В каком-то смысле, пожалуй, все это больше века назад предрек сам Гунтрам, когда заявил: “Лишь добровольное покаяние искупит мою вину. Мою жизнь определит закон моего духа. Мой Бог разговаривает через меня только со мной”. Эти слова воспринимаются сегодня как охранная грамота от будущей цензуры. В тот день, когда я покинул виллу Штрауса и снова прошел мимо “могилы” его героя под густой сенью листьев, она уже показалась мне неким караульным постом, где Гунтрам стоит на вечной страже памяти композитора и вопрошает проходящих: “А ты кто такой, чтобы поучать моего отца, как ему подобает каяться?”
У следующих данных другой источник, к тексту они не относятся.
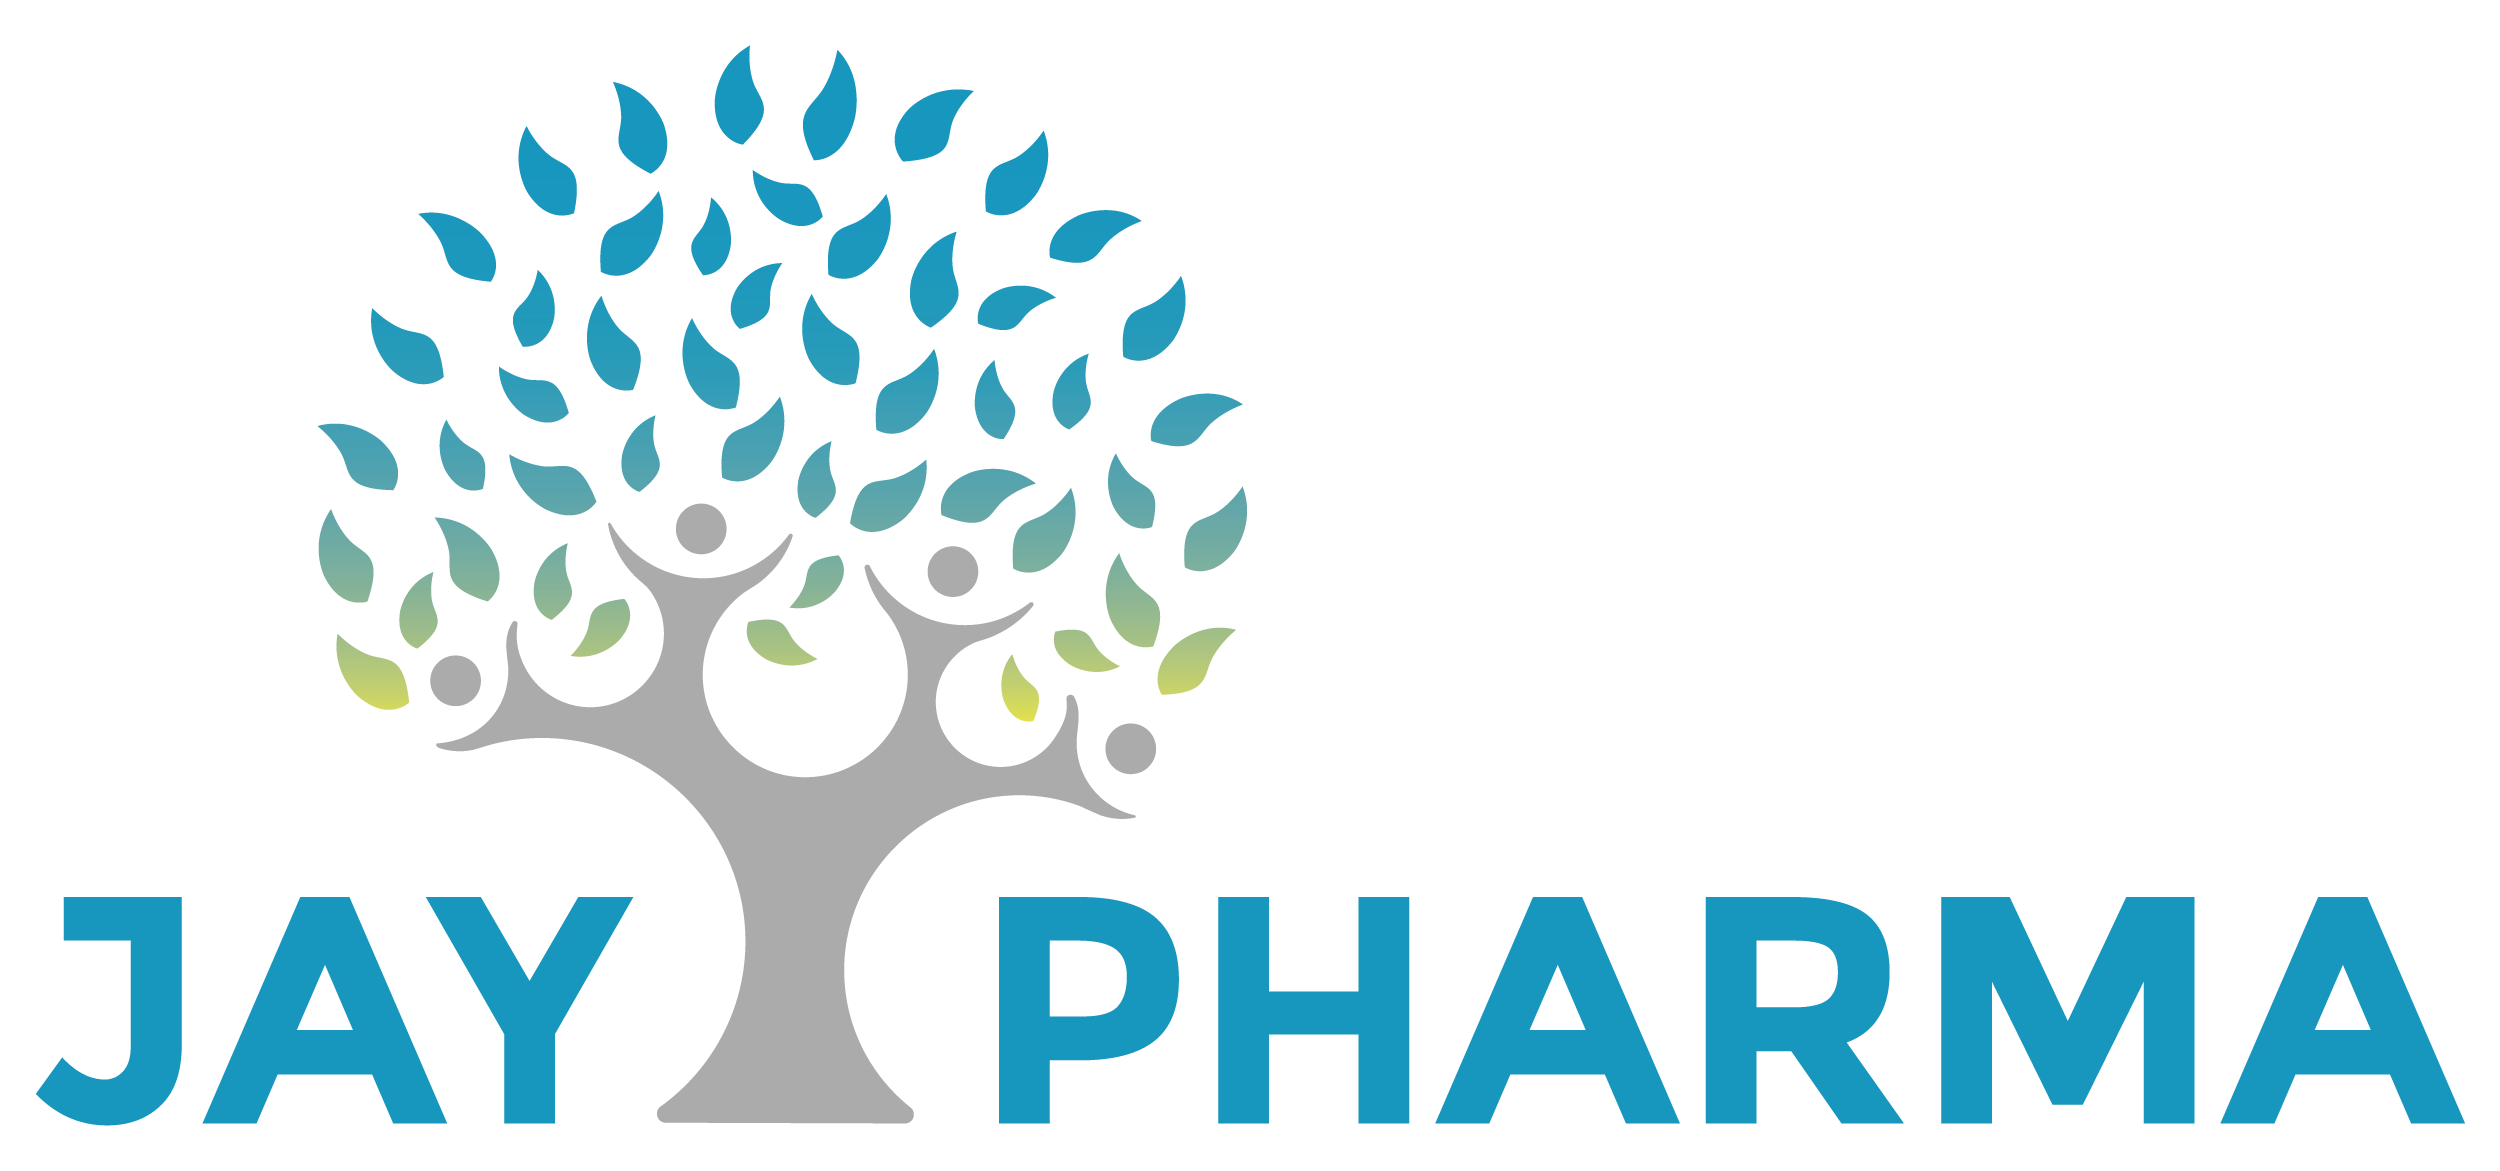 Jay-Pharma-Logo-2500px.png

Неподалеку от виллы, на ухоженном участке местного кладбища, находится и могила самого композитора. Штрауса постигла во всех отношениях мирная кончина: в сентябре 1949 года он тихо умер во сне, и если вспомнить о том, эпоху каких катастроф ему довелось пережить и какие трагедии выпали на долю многих его современников, то можно сказать, что его личный мир остался на удивление нетронутым. Этим поздним предчувствием тихого ухода пронизаны и последние музыкальные произведения Штрауса. Среди небольшого количества партитур, написанных уже после “Метаморфоз”, были “Четыре последние песни”, и в тексте стихотворения, на которое написана последняя из них – Im Abendrot (“Перед закатом”), говорится о пожилой паре, которая рука об руку прошла жизненный путь со всеми его горестями и радостями и теперь, созерцая багровое предзакатное небо, мечтает о заслуженном покое: O weiter, stille Friede! (“О, как спокойны дали!”[297])[298]
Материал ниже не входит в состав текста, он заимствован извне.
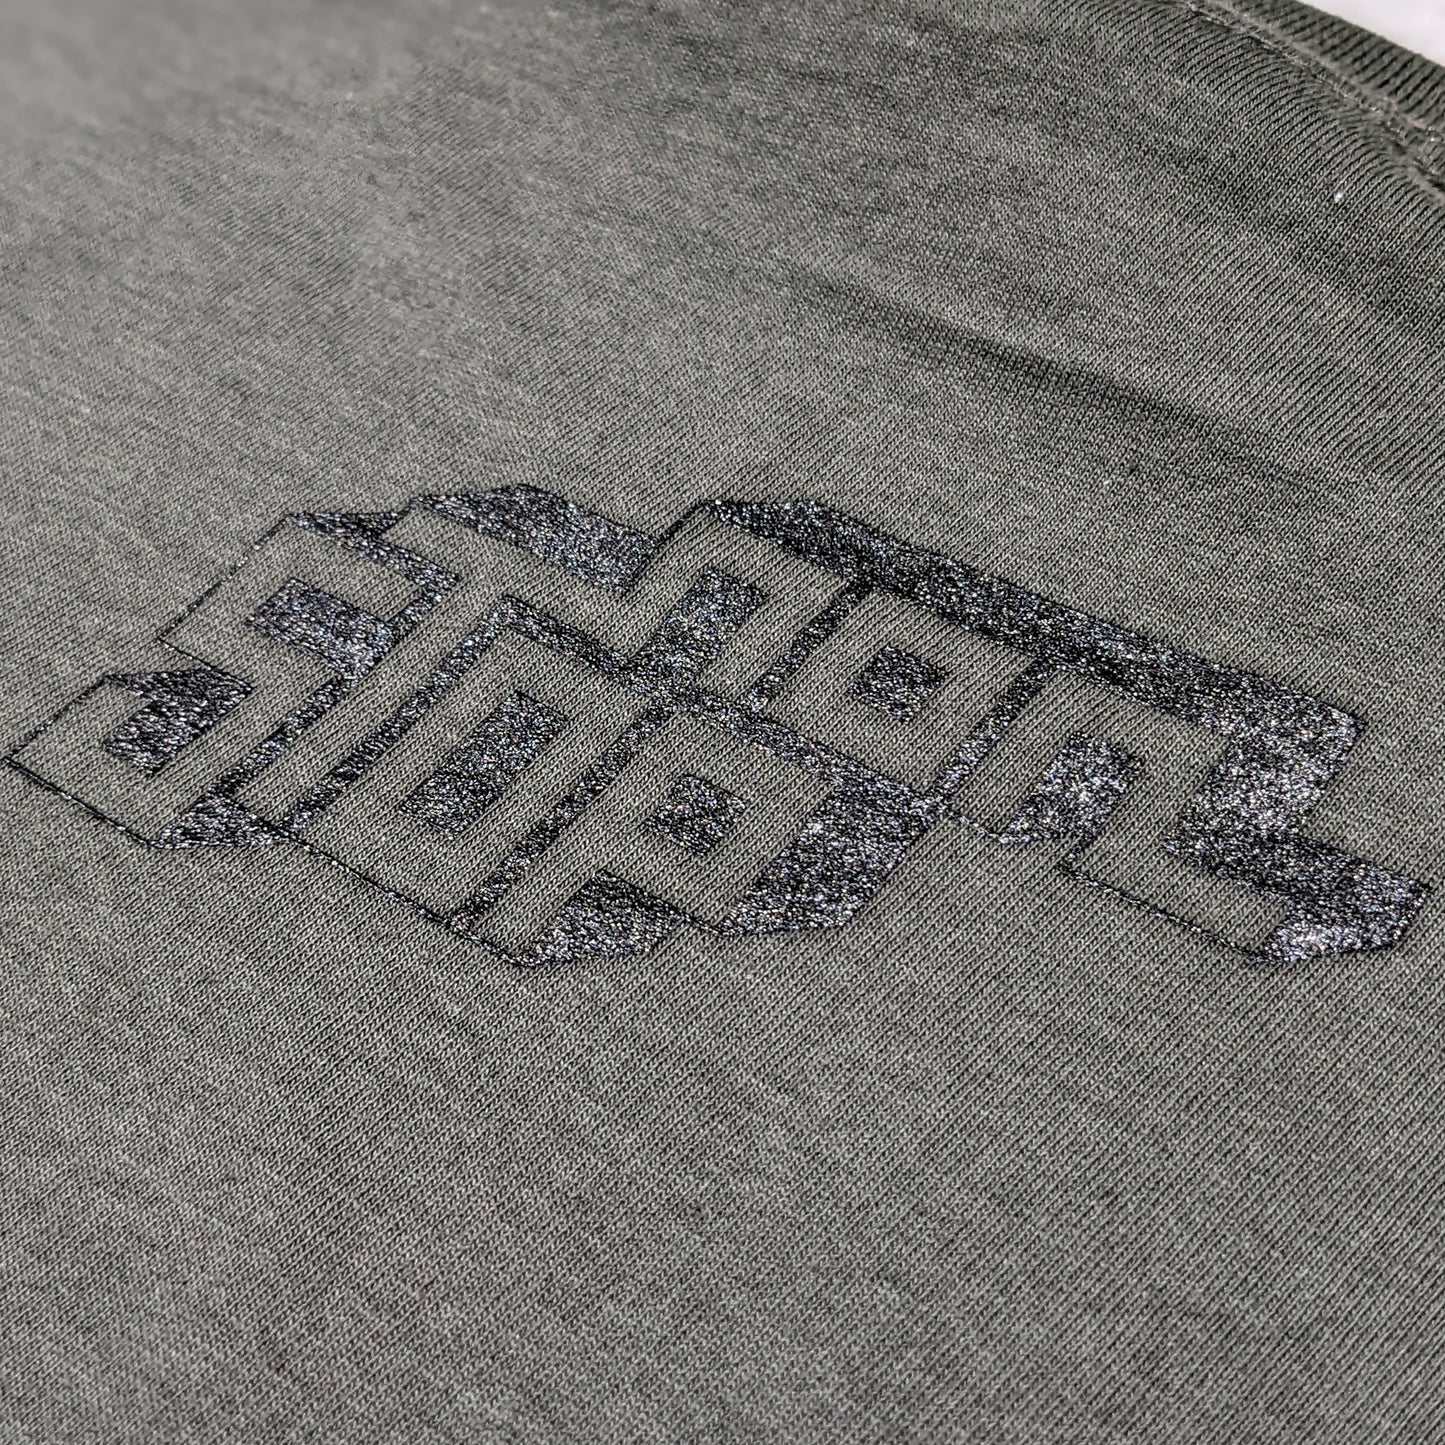 Nonstop T-Shirt Logo - graphite grey

Но 12 сентября 1949 года на устроенной в Мюнхене в честь Штрауса торжественной церемонии поминовения, в присутствии президента Баварии и многих других официальных лиц, музыканты исполнили не “Четыре последние песни”, а всеми любимое трио из последнего акта “Кавалера розы”[299]. Мюнхенским филармоническим оркестром дирижировал Георг Шолти; кроме трио, музыканты сыграли (уместный, даже неминуемый выбор) похоронный марш из “Героической симфонии”. Это было посвящение Бетховена павшему герою, и однажды это проявившееся в немецкой музыке представление о свободе вернулось, словно призрак, в сочинении самого Штрауса. Теперь оно снова оказалось востребованным, уже на прощанье, и эти благородные звуки, олицетворявшие траур и память, перетекали над последним отрогом горного хребта.
Главный герой романа В. Г. Зебальда “Аустерлиц” говорит: “Даже теперь эта тьма не рассеивается, а, наоборот, сгущается при мысли о том, как мало мы в состоянии удержать в нашей памяти, как много всего постоянно предается забвению, с каждой угасшей жизнью, как мир самоопустошается оттого, что бесчисленное множество историй, связанных с разными местами и предметами, никогда никем не будут услышаны, записаны, рассказаны”[300].
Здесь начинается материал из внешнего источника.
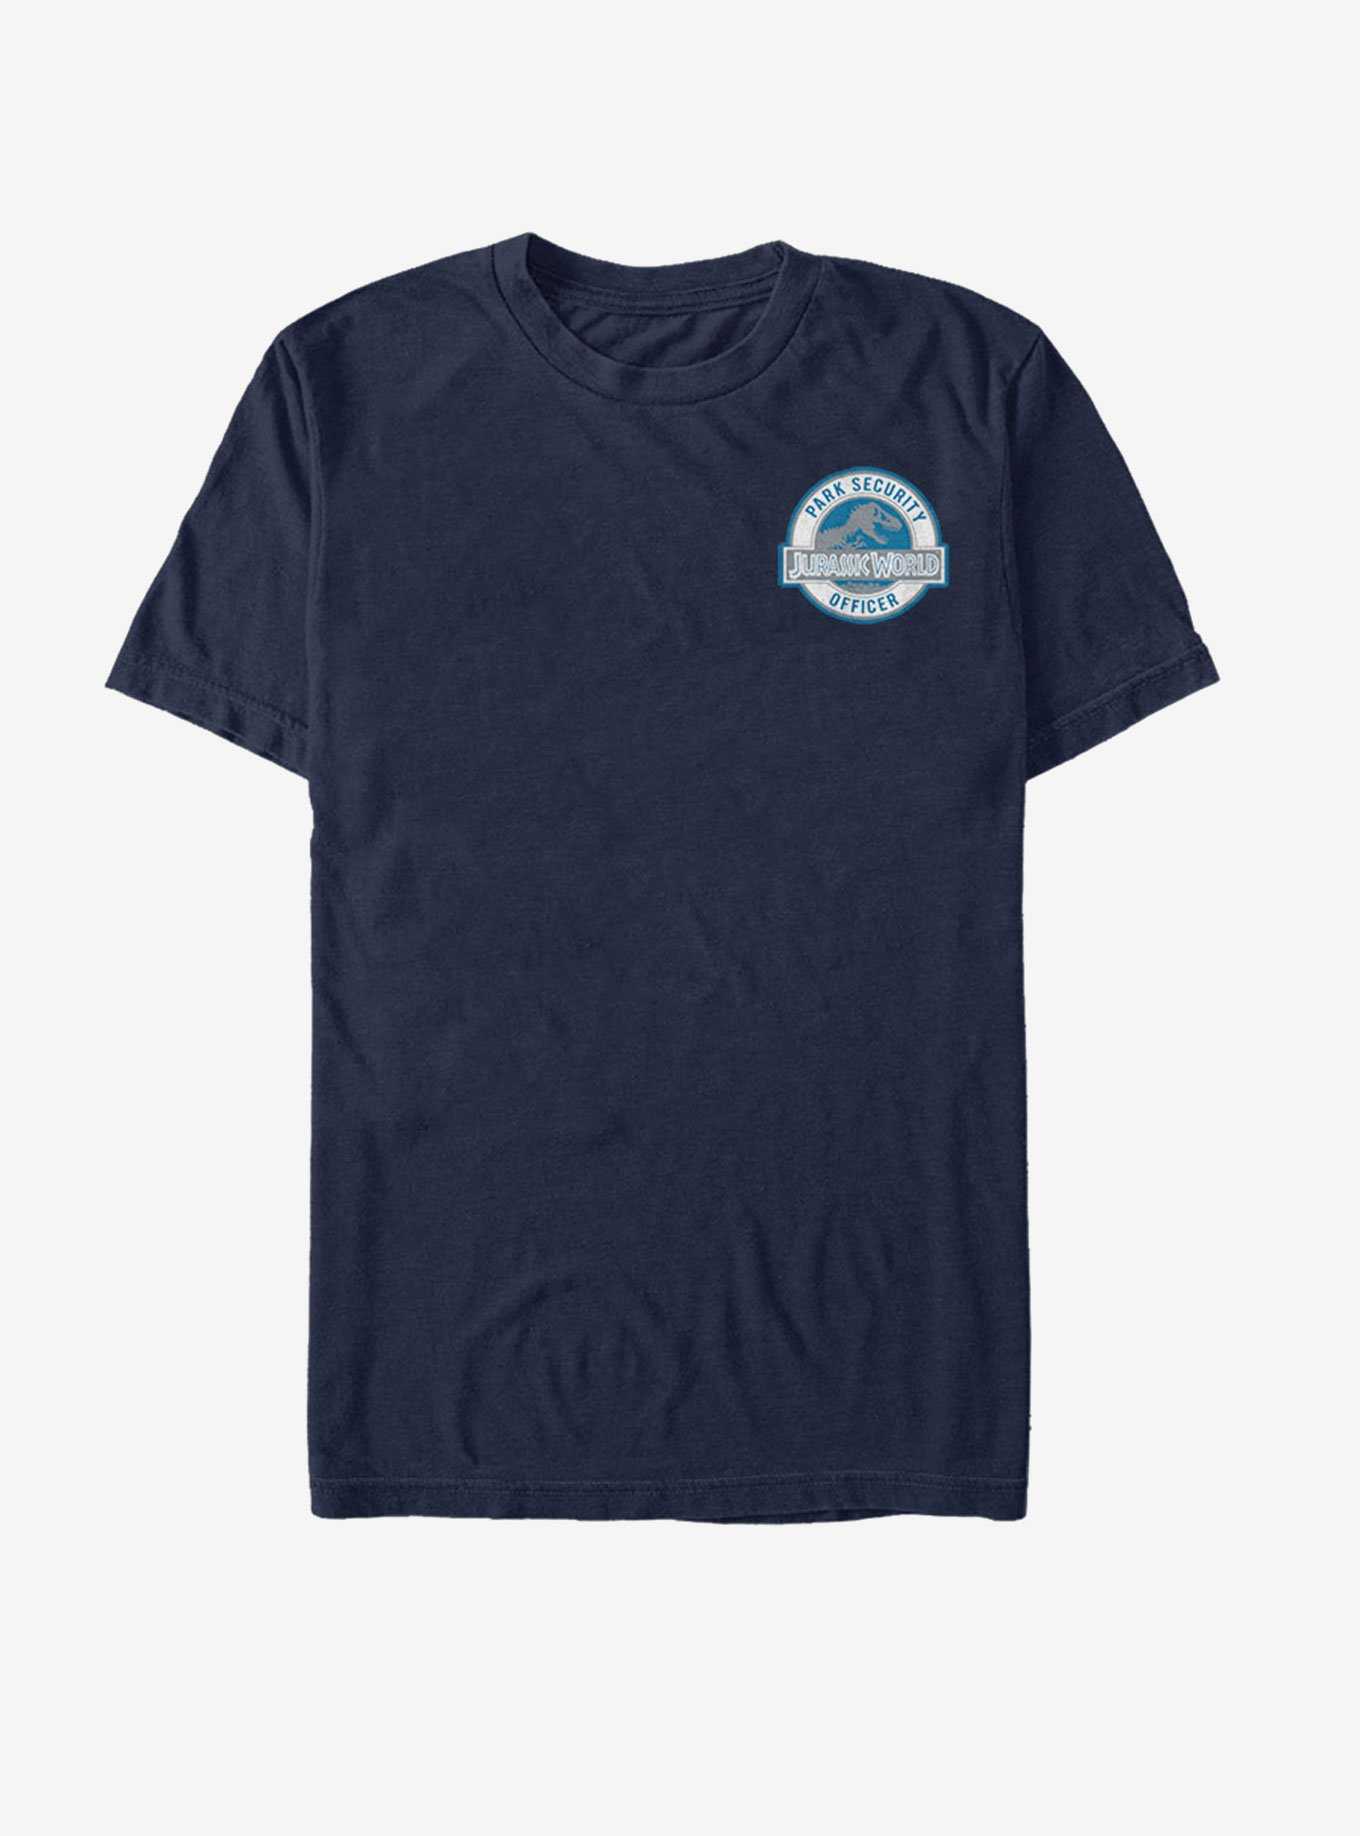 Jurassic Park Jurassic World Ranger Patch T-Shirt, NAVY, hi-res

Небо постепенно гасло, пока поезд скользил, удаляясь от Гармиш-Партенкирхена, в сторону Мюнхена. Глядя в окно, я наблюдал за проносившимся баварским пейзажем, за этими чередовавшимися неяркими лоскутами зеленого и коричневого, которые вдалеке упирались в предгорья Альп. Чтобы приехать сюда, в любимый город Рихарда Штрауса, я преодолел не одну тысячу километров. Несколько часов назад я наконец прошелся по тенистому двору его дома, постоял возле его письменного стола, выглянул из его окна, но в итоге все это лишь усилило ощущение тайны, окружающей его жизнь и творчество. В самом ли деле “Метаморфозы” воплощали осознанное раскаяние Штрауса? Можно ли считать, что это произведение искупало его вину – да и под силу ли такое вообще какому-нибудь музыкальному произведению? Быть может – в глазах самого Штрауса. Но ведь в тексте, из которого и проросло это произведение, сказано: “Никто не познает себя самого, / Не оторвет себя от собственного «я»”. Сегодня, оглядываясь назад, замечаешь, что чаши весов не вполне уравновешены. После очень конкретных реверансов Штрауса нацистам и молчаливого согласия с режимом вплоть до последних дней его существования, а также согласия выступить инструментом легитимации нацистских идей, – любая исповедь, возможно, многое выражает в отвлеченном виде, но все равно почти ничего не сообщает миру. К тому же она чересчур запоздала.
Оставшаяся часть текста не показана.